Mental health is an important part of our overall health, yet many Australians struggle. Did you know that one in five adults1 has experienced a mental health illness, such as anxiety and depression, in the previous 12 months?
TIACS (This Is a Conversation Starter), a non-profit social purpose organisation, provides free and accessible mental health counselling services Australia-wide, supported by key industry Alliance corporate partners like Coates. With a focus on supporting blue-collar communities, the demand for TIACS services continues to grow, so we invited Jon – an experienced TIACS qualified counsellor – to explain how, who and when TIACS can help, and what you can expect if you call.
“TIACS is the starting point for your mental health conversation, and we can provide coping strategies for head noise, relationship problems, addictions, anxiety attacks, depression, grief and other issues people are experiencing," says Jon. “If someone needs more urgent care or a different type of help, TIACS acts as a mental health hub to connect other support services. TIACS can also advocate, write referrals and make calls on someone’s behalf to keep the conversation going.”
“The first time someone reaches out to their GP for a mental health referral, they may experience long wait times to receive help – a delay that can leave them feeling vulnerable and unsure about how to improve their situation in the short term,” says Jon. “TIACS bridges this gap, offering support to people with a connection to blue collar industries – whether you’re a truckie, live in a rural area, you’re married to a plumber, or your parent works in construction.”
Do you need mental health support? Call or text TIACS on 0488 846 988
Anyone 18 years and over (or 16-18 years if you have the capacity to provide informed consent i.e., apprentices) can access up to eight free phone counselling sessions with TIACS. The sessions can be arranged at a time of day or night and through a channel (phone or SMS) that’s convenient to you. If you need more than eight sessions, you may benefit from longer-term help and TIACS can connect you with a suitable provider.
TIACS is mindful of the fact that the blue-collar workforce is predominantly male; that three quarters of those who take their own life in Australia are male; and that a high proportion of TIACS callers are also male. “As a counsellor, it’s a privilege to support a demographic of Australians that may otherwise struggle to seek help because of the stigma surrounding mental health,” says Jon. “We’re also proud to support women in blue collar industries, as we know it can be tough to gain respect working on some job sites.”
Unlike crisis phone support services like Lifeline or Coates’ Employee Assistance Program (EAP) which are available 24/7, TIACS provides an early intervention mental health support service. “If someone needs 24/7 crisis support then Beyond Blue or Lifeline are a great start, though if they'd prefer to speak with the same counsellor on a regular basis then TIACS is here to support them Monday to Friday 8am to 10pm,” says Jon.
A lack of privacy or anonymity can be barriers in seeking support, but the great thing about TIACS’ phone counselling service is that it allows people who may not ordinarily be comfortable talking about their mental health to do so in a less intimidating way.
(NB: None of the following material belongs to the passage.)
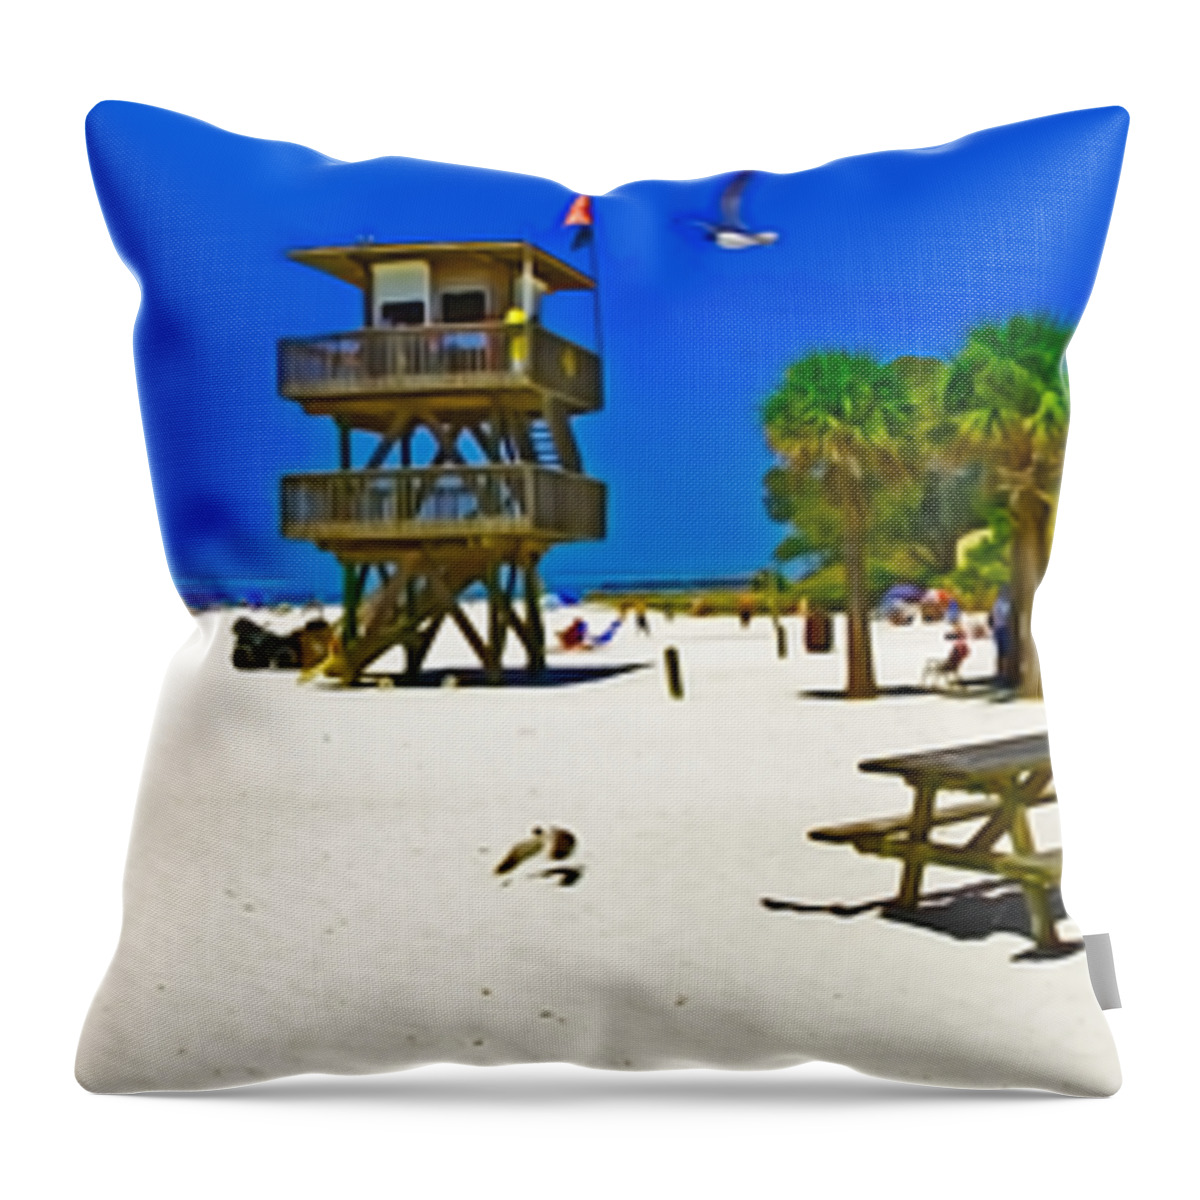 Rolf Bertram Throw Pillow featuring the photograph Manatee Beach Cafe by Rolf Bertram
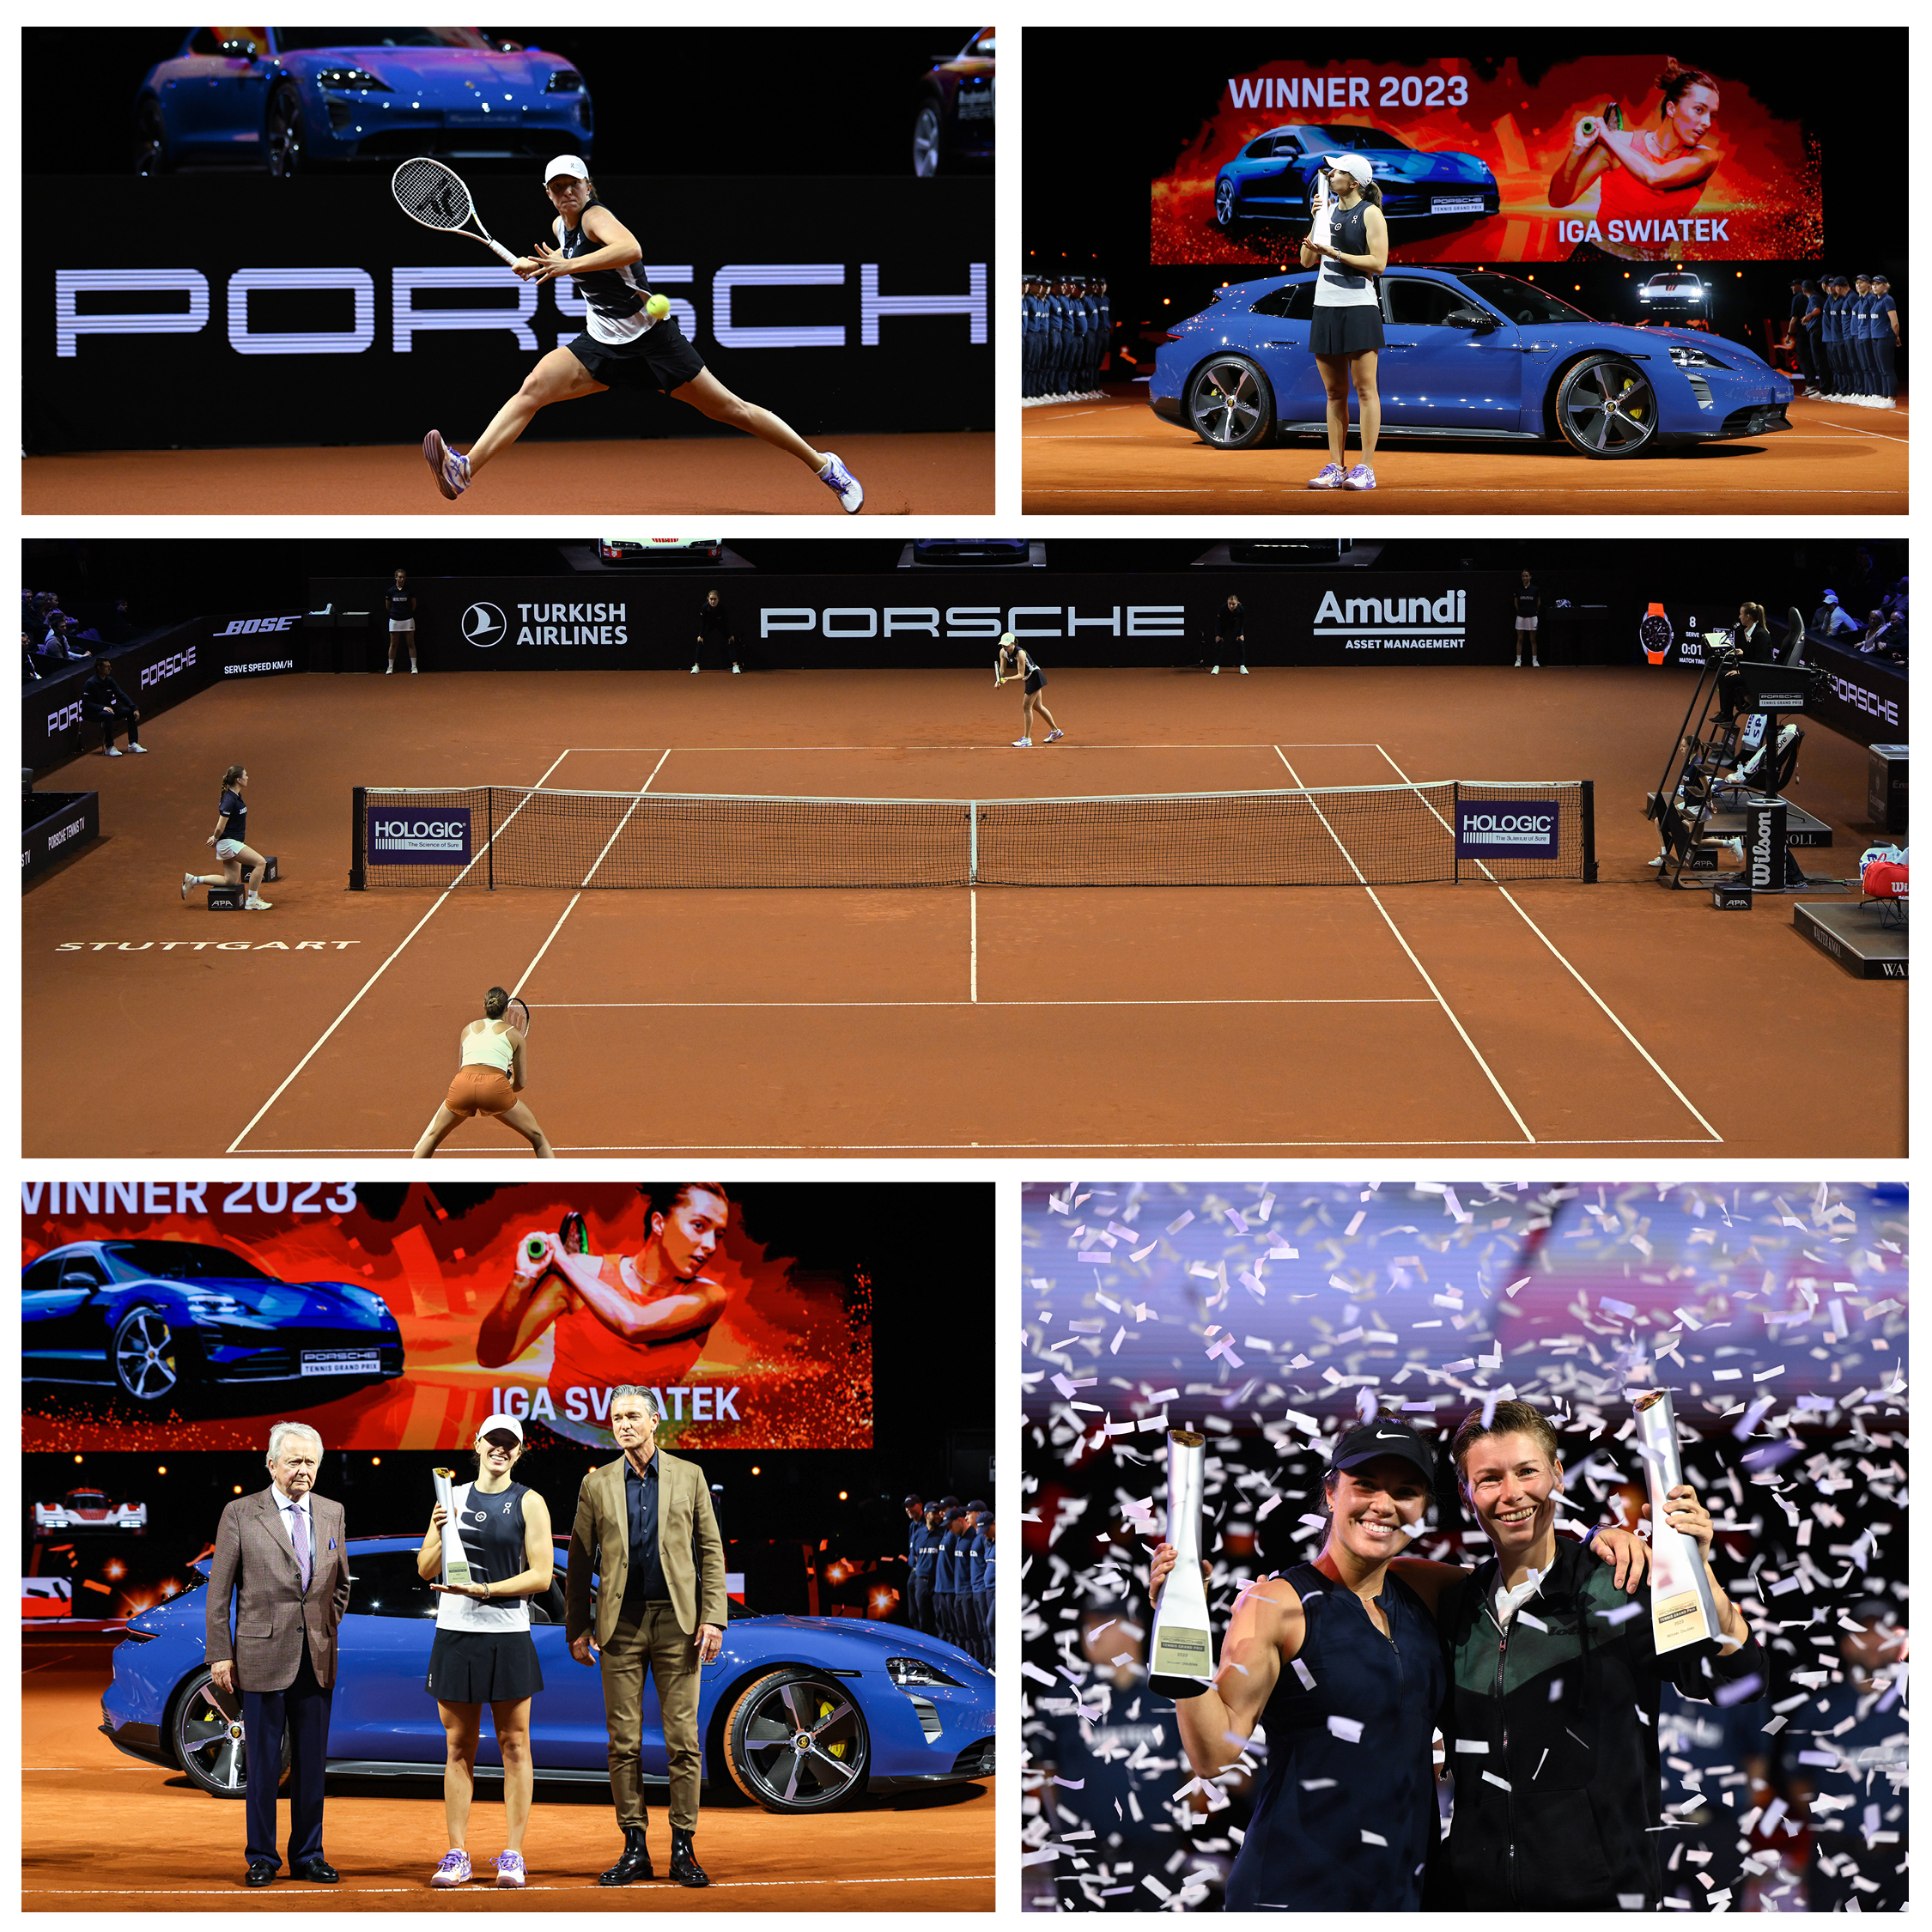 2 große Turniere – namenhafte Spielerinnen – Tennis in der #Porsche Arena Stuttgart

"Our calls are private, and all information is kept internally within TIACS. This means that what you share won't impact your medical records or employability, nor will your boss know you attended counselling,” says Jon. “The only exception is the rare event that records are subpoenaed or if a counsellor is obligated to contact emergency services to protect a client from imminent harm. Beyond that, TIACS takes every measure possible to protect people's privacy."
TIACS is all about accessibility. “We know how hard it can be to reach out, and that many people prefer everyday language to a more clinical approach, so we try to make each conversation with TIACS feel as comfortable as an everyday chat,” says Jon.
Here’s what you can expect from your first call:
Mental health initiatives like TradeMutt’s Funky Shirt Friday, which many Coates branches in the North BU participate in, and R U OK? Day are great reminders to check in on our mates, colleagues and loved ones. But if you sense that someone is having a hard time, what can you do?
"Since TIACS cannot make unsolicited calls, the best option is to pass on our number to your mate who is struggling and explain how easy it is to send a text and receive confidential support. Once your mate has reached out, we will look after them,” says Jon. “You can always call or text TIACS yourself if you are worried about a mate. You don't have to go through this alone and we are glad to support legends who look out for others."